Which of the lines below holds the string "einer"? Copy every line that does.

= Available data =
════════════════════
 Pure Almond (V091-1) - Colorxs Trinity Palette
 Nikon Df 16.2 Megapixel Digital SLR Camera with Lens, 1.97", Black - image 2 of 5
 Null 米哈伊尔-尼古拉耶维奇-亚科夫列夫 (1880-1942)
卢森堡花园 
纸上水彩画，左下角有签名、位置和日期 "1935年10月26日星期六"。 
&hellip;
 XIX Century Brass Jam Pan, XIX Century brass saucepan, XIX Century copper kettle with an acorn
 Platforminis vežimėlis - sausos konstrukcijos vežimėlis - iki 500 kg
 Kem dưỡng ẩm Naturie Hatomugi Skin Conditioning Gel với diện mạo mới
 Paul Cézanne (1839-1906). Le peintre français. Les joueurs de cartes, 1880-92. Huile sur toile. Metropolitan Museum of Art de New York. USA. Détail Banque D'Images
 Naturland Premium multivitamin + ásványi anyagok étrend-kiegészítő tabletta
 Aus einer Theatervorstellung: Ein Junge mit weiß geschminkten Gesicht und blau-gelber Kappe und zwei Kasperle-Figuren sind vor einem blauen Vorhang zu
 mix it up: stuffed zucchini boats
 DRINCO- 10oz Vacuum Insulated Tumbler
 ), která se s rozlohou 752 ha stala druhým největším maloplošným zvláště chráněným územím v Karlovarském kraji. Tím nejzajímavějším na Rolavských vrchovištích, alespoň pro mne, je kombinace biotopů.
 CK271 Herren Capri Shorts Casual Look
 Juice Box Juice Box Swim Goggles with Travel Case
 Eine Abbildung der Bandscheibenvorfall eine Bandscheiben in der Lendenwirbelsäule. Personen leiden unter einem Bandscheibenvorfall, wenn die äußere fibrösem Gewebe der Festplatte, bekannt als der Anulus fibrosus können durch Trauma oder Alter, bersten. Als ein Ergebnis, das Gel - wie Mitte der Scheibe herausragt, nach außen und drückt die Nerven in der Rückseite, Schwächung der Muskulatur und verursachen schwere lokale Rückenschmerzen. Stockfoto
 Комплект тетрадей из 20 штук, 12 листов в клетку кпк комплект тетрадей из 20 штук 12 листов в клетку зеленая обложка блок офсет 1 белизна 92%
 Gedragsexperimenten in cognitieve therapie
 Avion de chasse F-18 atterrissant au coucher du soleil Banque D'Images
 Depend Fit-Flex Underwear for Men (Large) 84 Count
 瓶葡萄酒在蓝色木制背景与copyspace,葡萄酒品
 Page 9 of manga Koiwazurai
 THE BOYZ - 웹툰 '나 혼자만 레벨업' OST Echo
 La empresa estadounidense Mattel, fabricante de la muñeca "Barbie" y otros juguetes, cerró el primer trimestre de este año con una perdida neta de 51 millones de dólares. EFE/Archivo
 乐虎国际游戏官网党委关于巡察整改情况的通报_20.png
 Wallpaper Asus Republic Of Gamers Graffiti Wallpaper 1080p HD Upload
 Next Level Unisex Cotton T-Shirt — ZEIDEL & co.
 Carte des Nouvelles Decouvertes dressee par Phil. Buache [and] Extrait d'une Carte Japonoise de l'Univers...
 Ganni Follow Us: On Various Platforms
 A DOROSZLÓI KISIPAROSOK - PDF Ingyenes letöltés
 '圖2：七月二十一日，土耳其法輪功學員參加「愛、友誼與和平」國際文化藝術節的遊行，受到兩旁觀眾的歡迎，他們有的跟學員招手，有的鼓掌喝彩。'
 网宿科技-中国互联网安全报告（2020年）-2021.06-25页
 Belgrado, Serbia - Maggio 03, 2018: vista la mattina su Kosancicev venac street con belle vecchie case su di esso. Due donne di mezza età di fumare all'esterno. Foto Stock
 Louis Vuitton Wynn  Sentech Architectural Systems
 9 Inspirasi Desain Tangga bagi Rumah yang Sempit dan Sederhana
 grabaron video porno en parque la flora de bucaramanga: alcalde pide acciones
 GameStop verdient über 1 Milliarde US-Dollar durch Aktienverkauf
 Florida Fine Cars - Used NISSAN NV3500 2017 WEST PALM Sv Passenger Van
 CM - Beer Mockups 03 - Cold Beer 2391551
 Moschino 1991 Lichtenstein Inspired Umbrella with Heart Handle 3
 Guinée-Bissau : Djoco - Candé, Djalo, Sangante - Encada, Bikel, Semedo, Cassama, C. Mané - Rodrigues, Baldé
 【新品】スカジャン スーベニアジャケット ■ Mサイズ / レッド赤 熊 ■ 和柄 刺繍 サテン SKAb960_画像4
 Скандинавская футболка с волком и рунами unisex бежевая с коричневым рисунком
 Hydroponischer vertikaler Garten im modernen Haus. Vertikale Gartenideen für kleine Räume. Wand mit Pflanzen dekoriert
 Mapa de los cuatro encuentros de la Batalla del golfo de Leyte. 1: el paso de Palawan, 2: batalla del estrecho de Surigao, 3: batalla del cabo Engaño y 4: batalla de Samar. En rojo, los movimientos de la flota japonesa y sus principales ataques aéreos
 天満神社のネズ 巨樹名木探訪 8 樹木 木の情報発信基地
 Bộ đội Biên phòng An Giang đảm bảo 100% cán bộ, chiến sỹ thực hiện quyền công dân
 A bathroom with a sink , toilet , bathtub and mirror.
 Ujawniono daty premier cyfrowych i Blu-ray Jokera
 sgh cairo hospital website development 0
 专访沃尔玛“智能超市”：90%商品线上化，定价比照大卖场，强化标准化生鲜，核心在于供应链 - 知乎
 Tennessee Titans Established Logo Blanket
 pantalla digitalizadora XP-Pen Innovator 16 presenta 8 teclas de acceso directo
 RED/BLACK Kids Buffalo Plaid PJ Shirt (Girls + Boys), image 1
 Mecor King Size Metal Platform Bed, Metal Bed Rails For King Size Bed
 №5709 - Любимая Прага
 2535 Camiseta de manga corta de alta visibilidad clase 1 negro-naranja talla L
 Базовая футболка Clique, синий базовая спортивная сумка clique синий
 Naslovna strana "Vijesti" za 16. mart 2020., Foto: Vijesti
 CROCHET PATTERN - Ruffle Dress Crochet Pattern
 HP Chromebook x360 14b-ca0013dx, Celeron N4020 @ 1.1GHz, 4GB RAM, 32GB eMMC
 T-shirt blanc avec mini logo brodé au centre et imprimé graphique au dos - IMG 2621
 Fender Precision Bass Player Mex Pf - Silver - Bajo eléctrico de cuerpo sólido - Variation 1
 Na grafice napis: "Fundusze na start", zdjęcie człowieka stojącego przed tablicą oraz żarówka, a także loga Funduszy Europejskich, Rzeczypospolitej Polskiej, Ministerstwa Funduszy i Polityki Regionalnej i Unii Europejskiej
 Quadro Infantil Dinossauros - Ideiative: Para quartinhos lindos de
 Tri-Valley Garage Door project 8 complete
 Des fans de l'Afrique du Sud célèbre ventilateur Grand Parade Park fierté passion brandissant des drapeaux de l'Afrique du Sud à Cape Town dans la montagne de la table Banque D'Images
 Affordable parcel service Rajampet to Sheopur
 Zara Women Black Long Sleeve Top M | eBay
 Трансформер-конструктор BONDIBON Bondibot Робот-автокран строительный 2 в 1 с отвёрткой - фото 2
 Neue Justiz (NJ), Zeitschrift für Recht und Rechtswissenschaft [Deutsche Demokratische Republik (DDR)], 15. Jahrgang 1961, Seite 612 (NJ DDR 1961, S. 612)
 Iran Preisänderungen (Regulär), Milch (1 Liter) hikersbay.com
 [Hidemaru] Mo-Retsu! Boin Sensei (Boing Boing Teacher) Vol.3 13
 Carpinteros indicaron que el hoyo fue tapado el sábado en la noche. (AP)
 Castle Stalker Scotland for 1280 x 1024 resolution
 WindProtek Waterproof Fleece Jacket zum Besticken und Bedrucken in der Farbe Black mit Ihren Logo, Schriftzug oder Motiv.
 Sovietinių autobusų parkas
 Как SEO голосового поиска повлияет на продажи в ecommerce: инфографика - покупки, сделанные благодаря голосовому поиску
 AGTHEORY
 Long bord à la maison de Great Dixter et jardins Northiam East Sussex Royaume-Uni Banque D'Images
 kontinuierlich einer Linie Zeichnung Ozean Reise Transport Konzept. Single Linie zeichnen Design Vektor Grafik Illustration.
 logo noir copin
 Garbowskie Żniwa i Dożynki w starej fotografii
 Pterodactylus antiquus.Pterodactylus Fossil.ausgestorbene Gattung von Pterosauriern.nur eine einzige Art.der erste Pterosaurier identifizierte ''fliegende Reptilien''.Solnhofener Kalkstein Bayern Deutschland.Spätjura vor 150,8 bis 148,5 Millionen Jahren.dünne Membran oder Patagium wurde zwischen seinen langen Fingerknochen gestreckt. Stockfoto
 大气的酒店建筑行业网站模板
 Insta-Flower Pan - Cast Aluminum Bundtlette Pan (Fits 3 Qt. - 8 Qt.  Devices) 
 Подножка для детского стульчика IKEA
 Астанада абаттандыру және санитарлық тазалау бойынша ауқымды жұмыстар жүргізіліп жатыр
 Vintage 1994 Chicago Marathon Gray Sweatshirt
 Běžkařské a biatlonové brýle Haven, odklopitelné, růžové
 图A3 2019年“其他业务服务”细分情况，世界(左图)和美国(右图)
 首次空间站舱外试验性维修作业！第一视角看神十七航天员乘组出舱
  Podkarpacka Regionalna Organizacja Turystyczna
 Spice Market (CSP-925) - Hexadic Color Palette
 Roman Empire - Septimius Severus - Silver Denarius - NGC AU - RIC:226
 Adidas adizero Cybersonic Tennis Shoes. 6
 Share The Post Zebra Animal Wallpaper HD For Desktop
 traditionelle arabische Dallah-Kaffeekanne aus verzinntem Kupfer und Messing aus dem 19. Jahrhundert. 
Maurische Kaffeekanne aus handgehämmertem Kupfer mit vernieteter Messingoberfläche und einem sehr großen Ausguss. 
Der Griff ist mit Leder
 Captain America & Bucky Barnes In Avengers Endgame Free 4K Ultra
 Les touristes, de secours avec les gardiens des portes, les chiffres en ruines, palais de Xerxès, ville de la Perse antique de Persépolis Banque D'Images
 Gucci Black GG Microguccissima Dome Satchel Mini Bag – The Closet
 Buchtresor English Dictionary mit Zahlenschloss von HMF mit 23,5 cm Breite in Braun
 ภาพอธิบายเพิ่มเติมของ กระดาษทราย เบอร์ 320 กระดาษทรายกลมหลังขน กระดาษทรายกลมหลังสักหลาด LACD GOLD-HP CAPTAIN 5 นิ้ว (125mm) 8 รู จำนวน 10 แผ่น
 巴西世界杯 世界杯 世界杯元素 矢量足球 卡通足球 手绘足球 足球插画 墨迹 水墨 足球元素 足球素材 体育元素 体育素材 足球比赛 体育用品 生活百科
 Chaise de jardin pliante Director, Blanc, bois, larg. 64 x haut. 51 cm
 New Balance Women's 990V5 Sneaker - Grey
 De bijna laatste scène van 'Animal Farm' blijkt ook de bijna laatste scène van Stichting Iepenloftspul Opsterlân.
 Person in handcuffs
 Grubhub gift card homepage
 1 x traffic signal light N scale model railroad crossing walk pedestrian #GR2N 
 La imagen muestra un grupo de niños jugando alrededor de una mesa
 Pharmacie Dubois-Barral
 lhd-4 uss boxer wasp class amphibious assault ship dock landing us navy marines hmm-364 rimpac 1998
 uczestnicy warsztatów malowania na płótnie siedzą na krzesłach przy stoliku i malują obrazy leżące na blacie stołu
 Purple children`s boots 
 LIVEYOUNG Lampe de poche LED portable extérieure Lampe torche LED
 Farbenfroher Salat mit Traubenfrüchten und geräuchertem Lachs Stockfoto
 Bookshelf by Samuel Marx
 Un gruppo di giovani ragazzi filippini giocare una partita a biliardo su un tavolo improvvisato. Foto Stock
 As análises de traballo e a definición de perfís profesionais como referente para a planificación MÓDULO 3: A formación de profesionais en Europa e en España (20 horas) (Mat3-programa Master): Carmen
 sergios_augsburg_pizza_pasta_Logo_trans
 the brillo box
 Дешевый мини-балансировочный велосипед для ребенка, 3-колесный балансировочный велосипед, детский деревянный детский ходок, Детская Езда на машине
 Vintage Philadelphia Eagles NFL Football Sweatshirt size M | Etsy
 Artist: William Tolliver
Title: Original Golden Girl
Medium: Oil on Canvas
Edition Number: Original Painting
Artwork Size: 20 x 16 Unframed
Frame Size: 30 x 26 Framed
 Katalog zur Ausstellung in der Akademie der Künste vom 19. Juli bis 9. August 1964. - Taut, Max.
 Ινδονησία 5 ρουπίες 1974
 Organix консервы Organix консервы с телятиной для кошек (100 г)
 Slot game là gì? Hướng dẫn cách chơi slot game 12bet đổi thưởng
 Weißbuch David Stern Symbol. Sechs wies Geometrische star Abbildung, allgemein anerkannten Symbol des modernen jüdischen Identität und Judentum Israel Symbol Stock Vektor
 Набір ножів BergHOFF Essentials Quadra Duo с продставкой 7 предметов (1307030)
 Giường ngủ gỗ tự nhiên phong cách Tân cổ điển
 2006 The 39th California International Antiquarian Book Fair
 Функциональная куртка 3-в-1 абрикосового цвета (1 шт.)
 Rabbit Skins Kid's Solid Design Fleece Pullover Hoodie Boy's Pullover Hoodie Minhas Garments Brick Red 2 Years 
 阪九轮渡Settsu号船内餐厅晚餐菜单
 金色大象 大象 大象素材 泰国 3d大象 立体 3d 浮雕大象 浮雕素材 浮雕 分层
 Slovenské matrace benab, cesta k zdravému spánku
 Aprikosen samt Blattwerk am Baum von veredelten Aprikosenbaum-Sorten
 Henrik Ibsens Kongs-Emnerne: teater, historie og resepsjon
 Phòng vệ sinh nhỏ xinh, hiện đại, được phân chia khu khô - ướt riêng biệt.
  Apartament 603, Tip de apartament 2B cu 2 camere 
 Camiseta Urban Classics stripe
════════════════════
= Task solution =
 Aus einer Theatervorstellung: Ein Junge mit weiß geschminkten Gesicht und blau-gelber Kappe und zwei Kasperle-Figuren sind vor einem blauen Vorhang zu
 kontinuierlich einer Linie Zeichnung Ozean Reise Transport Konzept. Single Linie zeichnen Design Vektor Grafik Illustration.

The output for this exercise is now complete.